AS-China Bisa "Ribut" Lagi, Rupiah Melemah 2 Hari Beruntun

Putu Agus Pransuamitra, CNBC Indonesia
15 October 2019 17:25
AS-China Bisa
Foto: CNBC Indonesia/Muhammad Sabki
Jakarta, CNBC Indonesia - Kurs rupiah melemah dua hari beruntun melawan dolar Amerika Serikat (AS) pada perdagangan Selasa (15/10/19). Mata Uang Garuda mengakhiri perdagangan di level Rp 14.160/US$, melemah 0,18% di pasar spot, melansir data Refinitiv.

Membuka perdagangan hari ini, rupiah menguat 0,04% di level Rp 14.130/US$. Level tersebut sekaligus menjadi yang terkuat, selepas itu rupiah langsung masuk ke zona merah, dan tidak pernah lagi kembali ke zona hijau.

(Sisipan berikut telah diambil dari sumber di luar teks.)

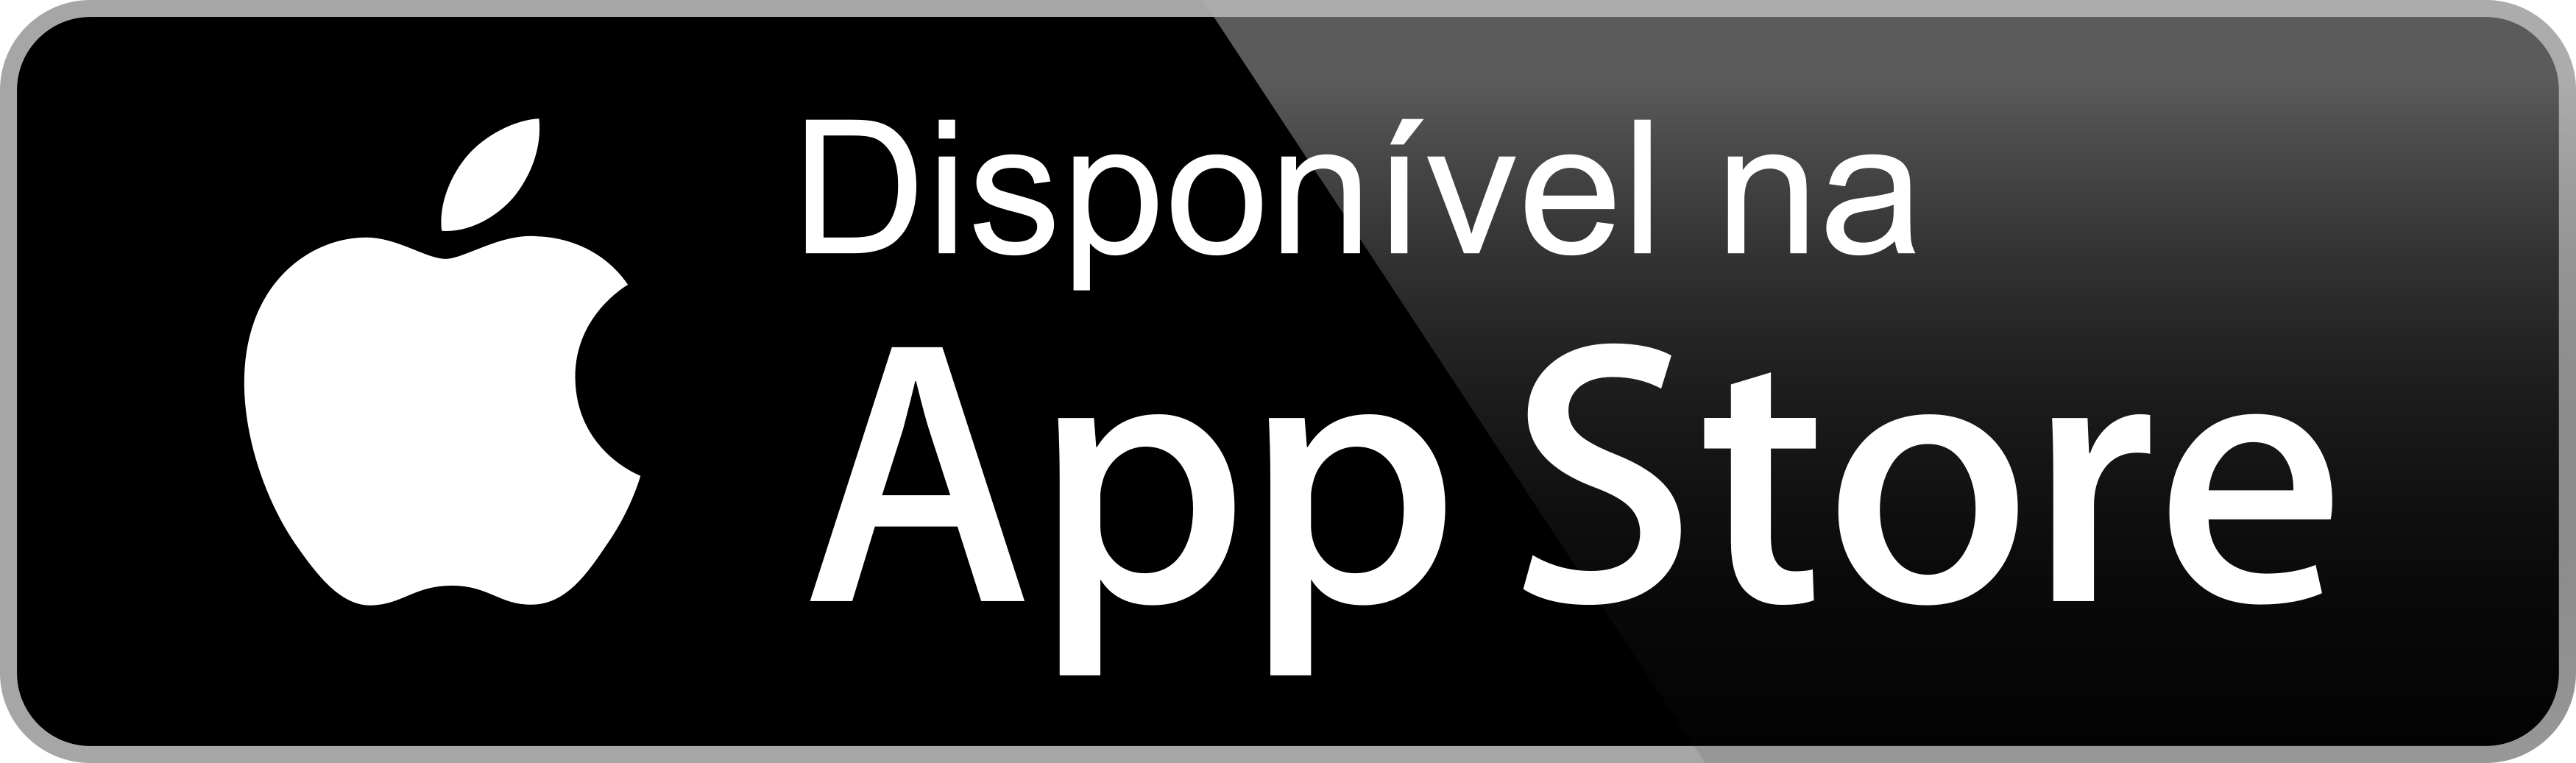 download através da app store

Pelemahan rupiah terus berlanjut, bahkan selepas tengah hari semakin terakselerasi hingga melemah 0,21% ke level Rp 14.165/troy ons, sebelum mengakhiri perdagangan di level Rp 14.160/US$.

Mayoritas mata uang utama Asia hari ini melemah melawan dolar AS. Hingga pukul 16:05 WIB, hanya bath Thailand yang mencatat penguatan 0,16%, sementara yen Jepang dan dolar Hong Kong menguat tipis 0,06% dan 0,01%.

Rupee India menjadi mata uang terburuk setelah melemah 0,3%, sementara rupiah dan yuan China berada di posisi kedua setelah sama-sama melemah 0,18%.

Berikut pergerakan dolar AS melawan mata uang utama Asia hari ini.



(BERLANJUT KE HALAMAN 2)


Euforia kesepakatan dagang Amerika Serikat (AS) dengan China tidak berlangsung lama. Setelah kedua negara mencapai kata sepakat pada Jumat (11/10/19) yang membuat sentimen pelaku pasar membaik, kini hubungan kedua negara terlihat merenggang. 

Presiden AS, Donald Trump, bersama Wakil Perdana Menteri China, Liu He, pada Jumat pekan lalu di Washington mengumumkan jika perundingan kedua negara berhasil mencapai kata sepakat, dan akan dilakukan dalam beberapa fase. Menurut Trump "kesepakatan fase satu yang sangat substansial" sudah berhasil dicapai, sebagaimana dilansir CNBC International

Trump menambahkan "fase dua akan dimulai segera" setelah fase pertama ditandatangani.


Porsi pertama dalam kesepakatan dagang kali ini akan dibuat dalam tiga pekan ke depan, termasuk di dalamnya properti intelektual, jasa keuangan, serta rencana pembelian produk pertanian AS oleh China senilai US$ 40 miliar sampai US$ 50 miliar, kata Trump sebagaimana dilansir CNBC International.

Akibat kesepakatan tersebut, perekonomian global umumnya dan AS-China khususnya diharapkan bisa membaik, pertumbuhan tidak lagi melambat, dan ancaman resesi hilang. Para pelaku pasar akhirnya masuk kembali ke aset-aset berisiko dan emas pun perlahan ditinggalkan. 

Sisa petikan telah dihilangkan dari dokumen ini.